Tanto per cominciare, mi rendo conto che la buona creanza vorrebbe che non si parlasse d'un disco che ancora deve vedere la luce, ma tant'é, se proprio questa cosa vi rimane sullo stomaco, provate a inghiottirla come un preambolo a una recensione come si deve o conviene che, non vogliatemene, non sarò io a fare.
Gironzolando finisco un paio di giorni addietro sul sito dei Battles, rimango un poco stranito dalla copertina, ascolto il pezzo ascoltabile di rito, Ice Cream. Mi piace, ha un bel tiro. Ci sono il 15 a milano. Non resisto alla tentazione, cerco un link amico e scarico "Gloss Drop" (Warp, 2011) per intero.
Il caso vuole, ammesso che il caso possa volere, che tra la manciata di link che m'occorre per tirar giù pure la copertina escano i soliti sentieri che portano a forum musicali d'gni risma, e buttandoci un occhio non posso che rammaricarmi alla notizia che, per dirla col brizzi letto da sbarbo, Tyondai Braxton ha lasciato il gruppo.
Che dire. A torto o ragione, il disco è criticato più o meno aspramente in ogni dove. Al primo ascolto è l'amaro in bocca per quel che poteva essere e per quello che invece non sarà mai. I numerosi commenti, sacri o profani, si spingono financo al mettere il caro Williams alla gogna, ipotizzando che come il successo dei Battles è imputabile a Braxton quello dei Don era appannaggio del buon Damon Che, e leccando pure la tesi che, chissà, la bontà degli S&S fosse in fin dei conti merito di David Shea...
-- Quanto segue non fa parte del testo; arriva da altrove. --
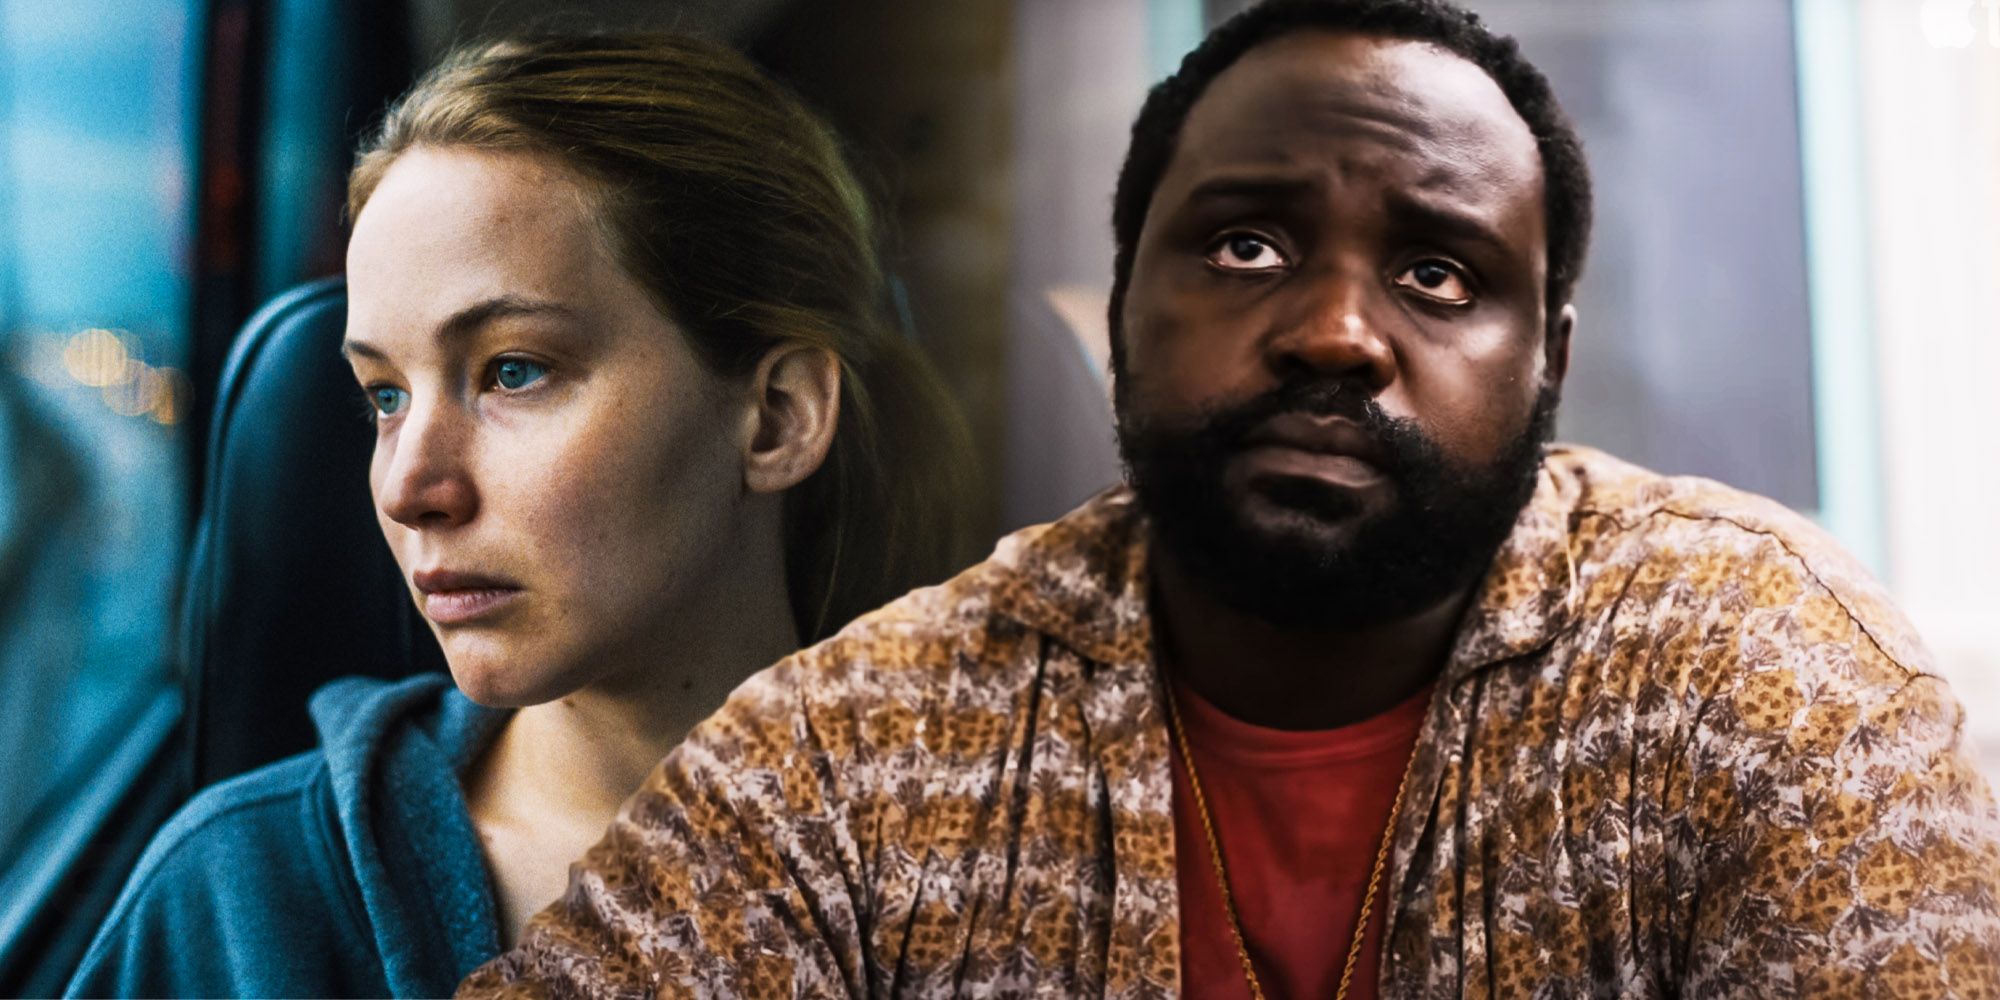 A split screen of Brian Tyree Henry and Jennifer Lawrence in Causeway.

Senza nulla togliere né al buon Damon Che né tantomeno al genio di Braxton (due musicisti della quale ho amato ogni progetto), direi che, benché il mio non sia l'orecchio fine d'un intenditore, il povero Williams dovrebbe, per esacerbare il concetto, godere delle migliori figlie delle generazioni a venire.
Dopo qualche giorno d'ascolto quel che posso dire con certezza è che si tratta d'un disco dei Battles e punto, e che dunque rispetto al precedente il genere, o meglio il non-genere, è il medesimo. Se dovessi battezzare il lavoro sia di William, benché sia un termine che forse s'addice di più a Braxton, adopererei il termine "apprendista stregone". Se già dal primo pezzo, Africastle, si sente la mano di quest'ultimo (abbia lavorato direttamente al materiale del disco o sia solo influenza, non sarò certo io a dirvelo, ma così a naso propenderei per la prima), tant'è che alcuni passaggi suonano affini sia al recente "Central Market" che al vecchio "History..." d'inizio millennio.
Per quanto si senta la mano, nel bene o nel male, si sente anche la mancanza della voce onnipresente in "Mirrored" benché, sotto questo rispetto, i restanti moschettieri abbiano messo una pezza con delle collaborazioni piuttosto ben riuscite (Matias Aguayo, Gary Numan, Kazu Marino, Yamantaka Eye). Gli altri pezzi ricordano stringhe a metà tra "American Don" dei Don e "Under Thunder..." degli Storm, ritornelli strumentali che si rincorrono fino a creare i temi dei pezzi, loop mannari che aspettano la sera per aggredire e il giorno per perdere il pelo ma non il vizio di ammaliare chi vi presta orecchio, d'infilarvi quella pulce che vi farà dire che l'amate o l'odiate. La base ritmica, costipata come al solito, è un tappeto sul quale rotolarsi senza vergogna, senza la paura che il gallo canti tre volte nelle vostre orecchie da traditori di "Mirrored", senza la paura che il grillo parlante vi sussurri di scordare i fasti d'un tempo. Eppure, dannazione, anche senza la vocina della fatina Tyondai...
A questo punto fate voi. Fate voi innanzitutto una recensione competente, fatta da chi ha capacità, tempo e voglia d'informarsi come si deve e conviene. E fate voi anche la valutazione. Per buttarla sul ridere, dopo qualche giorno io sto aspettando di innamorarmi, e mi sento come ci si sente in queste situazioni, a metà tra la paura d'essere incapaci al lasciarsi andare, e quella di prenderlo nel sedere.